Our method has multiple design parameters that are currently optimized for classifying rooms in office buildings in the S3DIS data set. Thus, the choice of these parameter values may need to be reconsidered when applying this method to other types of buildings and room types. For example, our deep learning architecture has multiple search radii that determine the size of local regions for local feature extraction. The current search radii are (0.4 m, 0.6 m, 0,8 m, 1.0 m, 1.2 m,1.4 m, 1.6 m, 1.8 m, 2.0 m, 2.2 m); in practice, these should be adjusted according to room sizes, point densities, and types of furniture objects being considered.
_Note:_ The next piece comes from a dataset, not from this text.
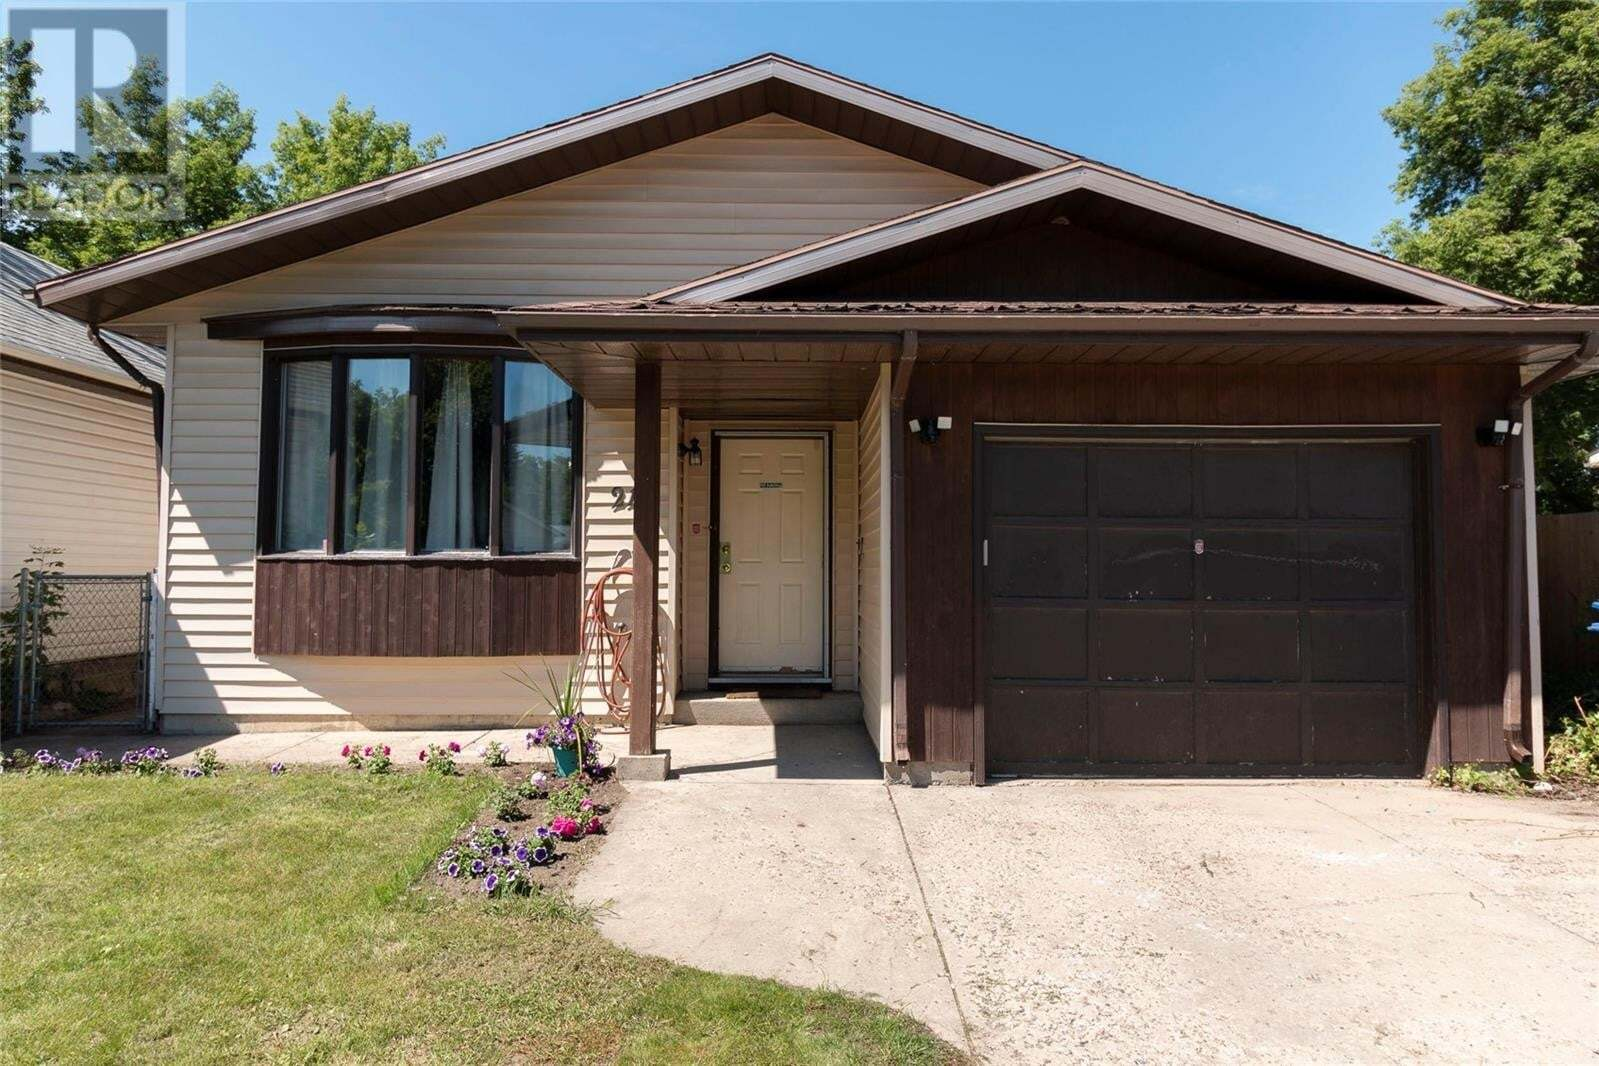 House for sale at 211 L Ave N Saskatoon Saskatchewan - MLS: SK817524

Room classification tasks for tagging automated generation of room usage semantics is an important research goal in 3D indoor modeling and social robotics. In contrast to the existing work reviewed in Section 2, in this paper we have focused on classifying rooms in office buildings for the purpose of building 3D indoor models. Our method goes beyond previous work in three aspects:

• Our classifier directly operates on point cloud data, and can detect relevant scene features without the need for complex human effort in feature construction.
• Compared to the methods of inferring room semantics in social robotics studies [10,14,18,45], our method utilizes the spatial configuration of furniture objects in relation to structural elements to infer room usage types.
• Our method can classify furnished rooms that are in use (rather than BIM models) and takes advantage of the additional information available from the way furniture objects are laid out and configured in relation to each other and to structural elements.
• Our method recognizes that human conceptions of room usage are hierarchically organized; thus, it is not adequate to classify rooms only by top-level categories. For example, previous work has treated “offices” as one room function category; however, offices in an office building can have many subcategories, for example, reception rooms, single occupancy offices, multioccupancy offices, etc. The results of our Experiment 2 show that the proposed classifier can differentiate between “multi-occupancy offices” and “single-occupancy offices” with 84% accuracy.

Despite the promise of our method, the experiments reported in this paper indicate a number of limitations that affect the confidence of our findings.

• The data samples used to train the room classifiers were too small for most categories other than offices.
• The data samples used to train the room classifiers were highly imbalanced, increasing the risk of biased conclusions.
• The semantic labels on the point clouds in the S3DIS dataset were of low quality. During our visual inspection and coding of the 224 rooms, we found many errors in the human-generated labels. In particular, a large portion (~20%) of the point clouds were labeled as “clutter”, which are in fact meaningful objects. These issues affect the amount of information available in the point-cloud representation of room scenes.
• Our method is computationally very intensive and costly. It takes many hours of computation on a GPU-equipped machine to complete the training of a room classifier. Although this could be accelerated by incorporation of pre-trained models, it remains challenging for time-sensitive environments.

In our future work, we intend to refine the deep learning architecture and parameter settings of the proposed classifier to improve the chance of discovering signature features of the spatial layout of the room relevant to their functions. In particular, the choice of MLP layers, the radius values, and the method of feature pooling in the computational architecture (see Figure 2) need to be further explored to inform the implementation. Much more extensive testing of our method is needed using a wider variety of indoor environments (residential, commercial, office buildings, public buildings, etc.); however, we expect that the low availability of semantically labeled large indoor point-cloud datasets will continue to be a bottleneck in the foreseeable future.